● **WHAT YOU NEED TO DO**:
For this exercise, return exactly the lines of the material below that begin at the one with "Arts Data in the Public Sector Report" and stop after the one with "After-Hours Alert: Why".

● **INFORMATION SUPPLIED**:
####################
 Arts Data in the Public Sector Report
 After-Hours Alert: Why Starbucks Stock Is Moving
####################
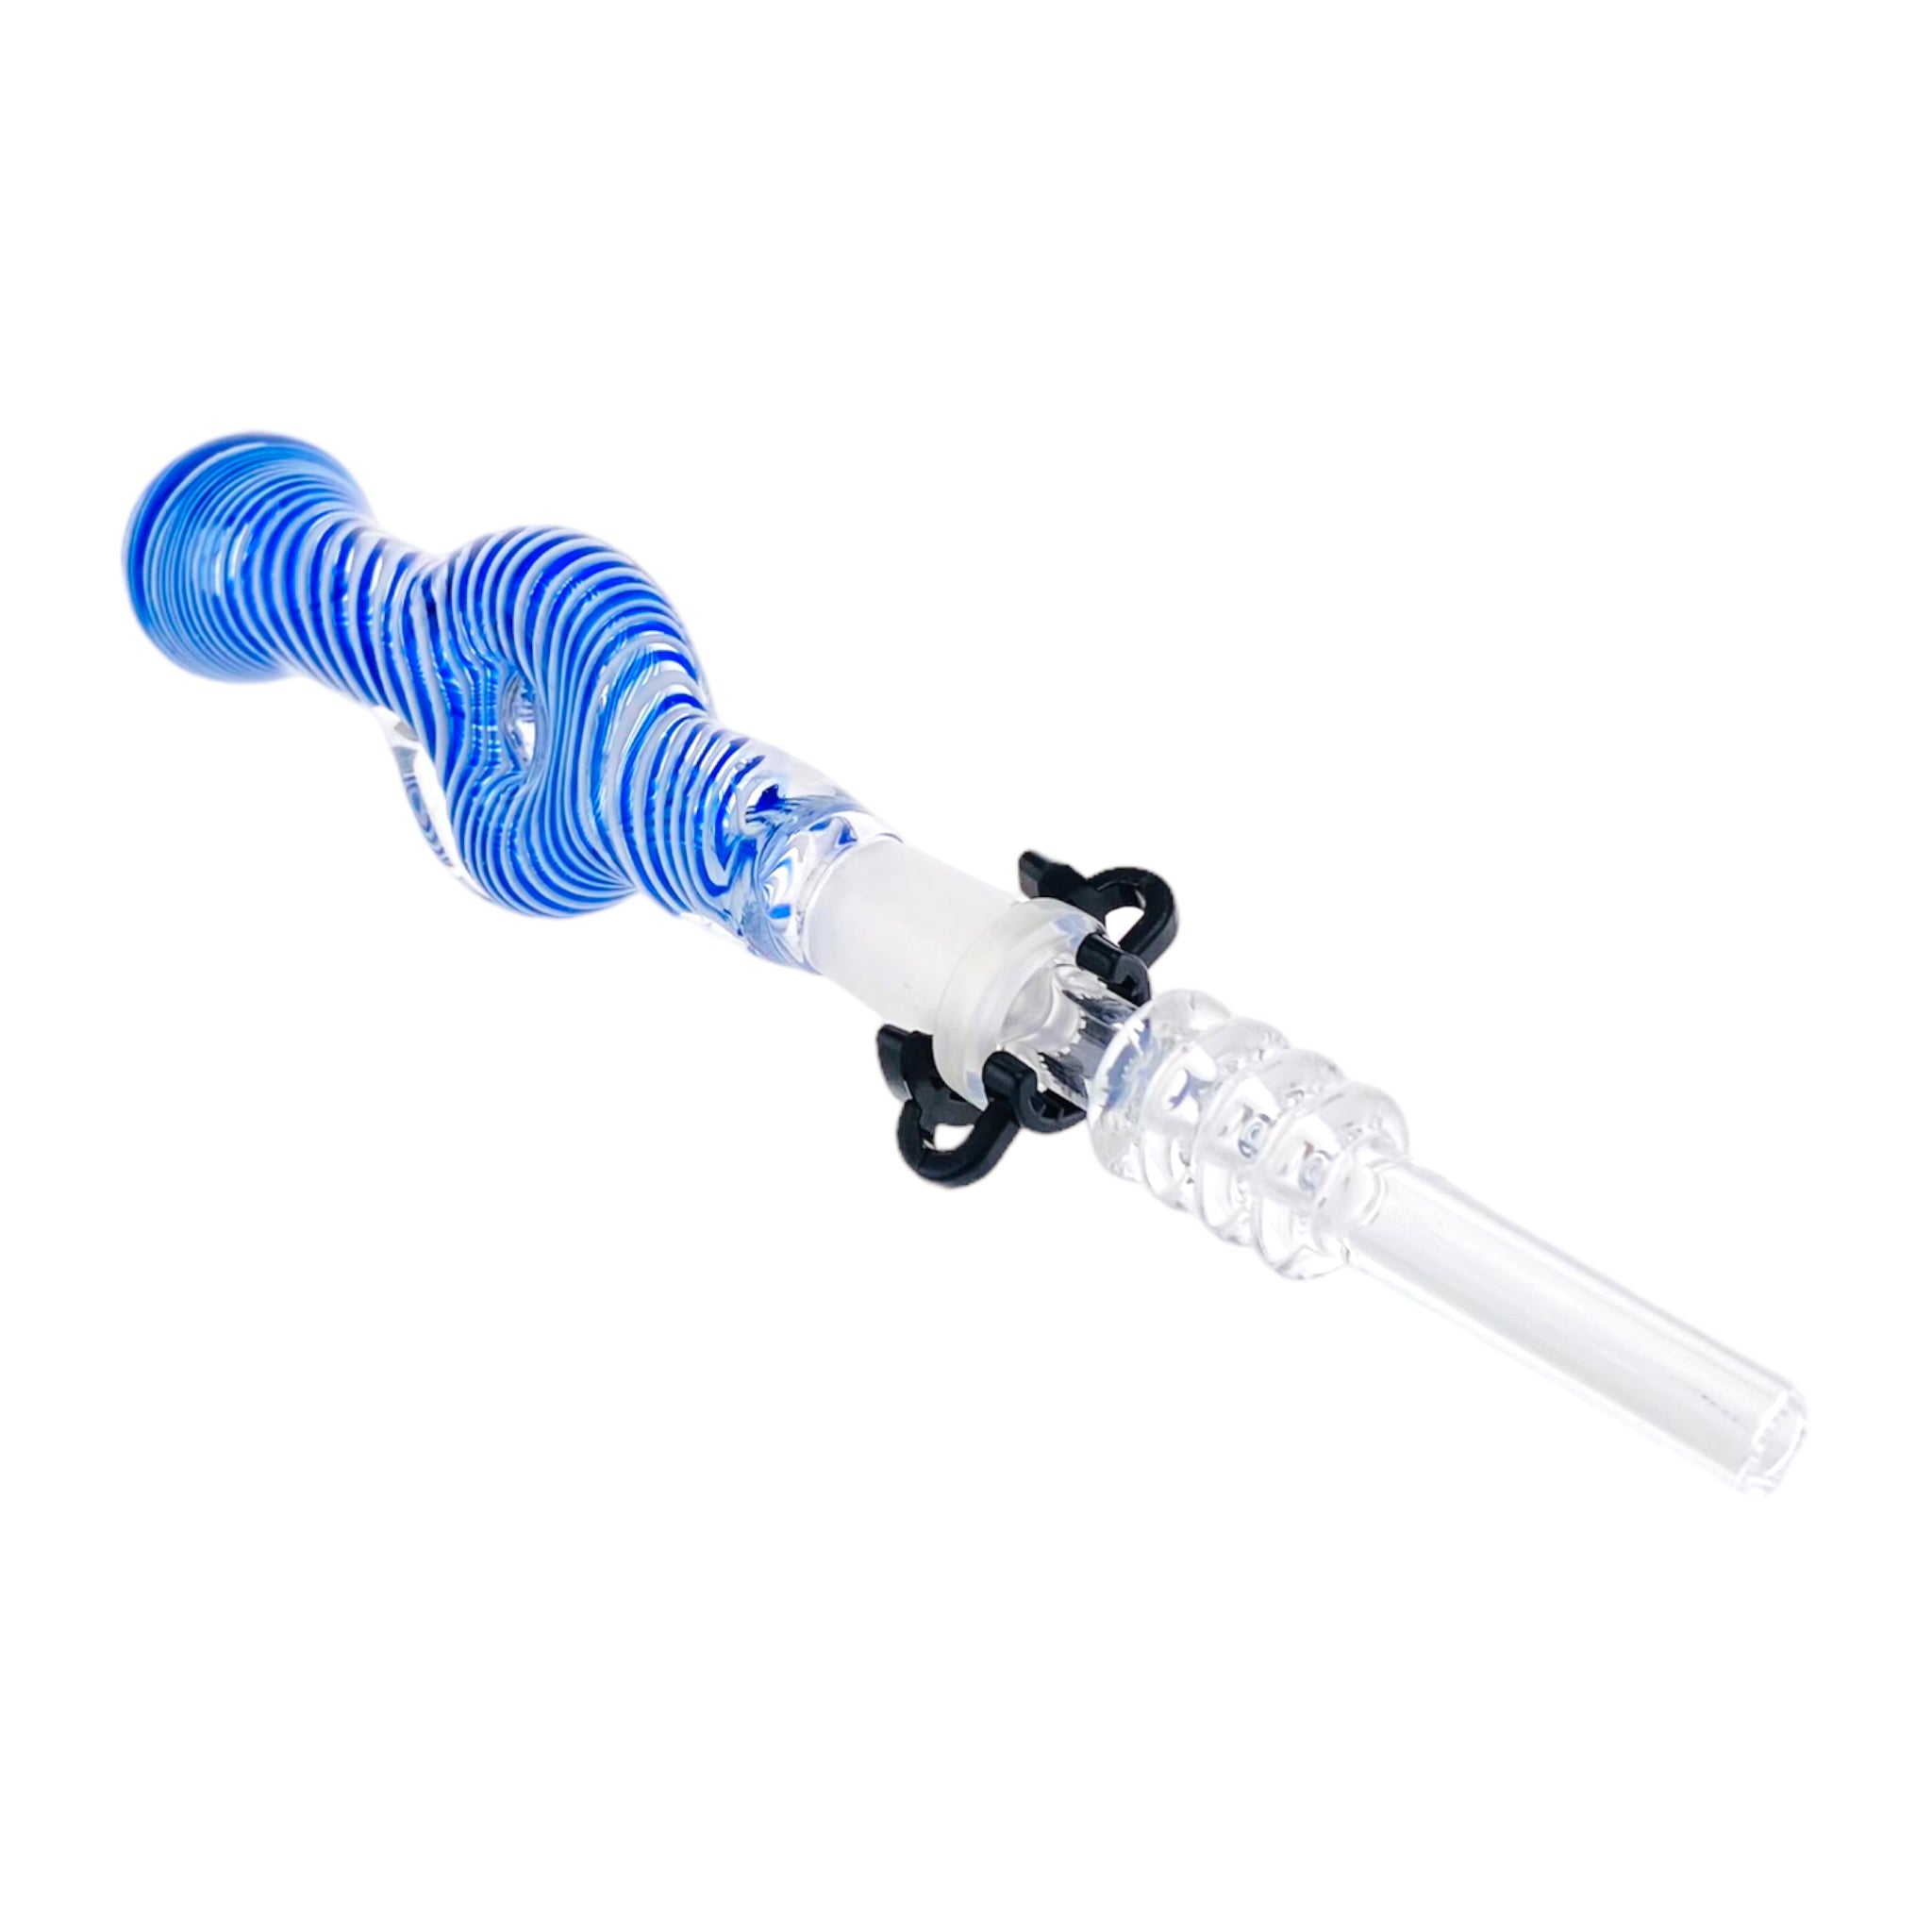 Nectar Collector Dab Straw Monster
####################
● **ANSWER BOX**:
 Arts Data in the Public Sector Report
 After-Hours Alert: Why Starbucks Stock Is Moving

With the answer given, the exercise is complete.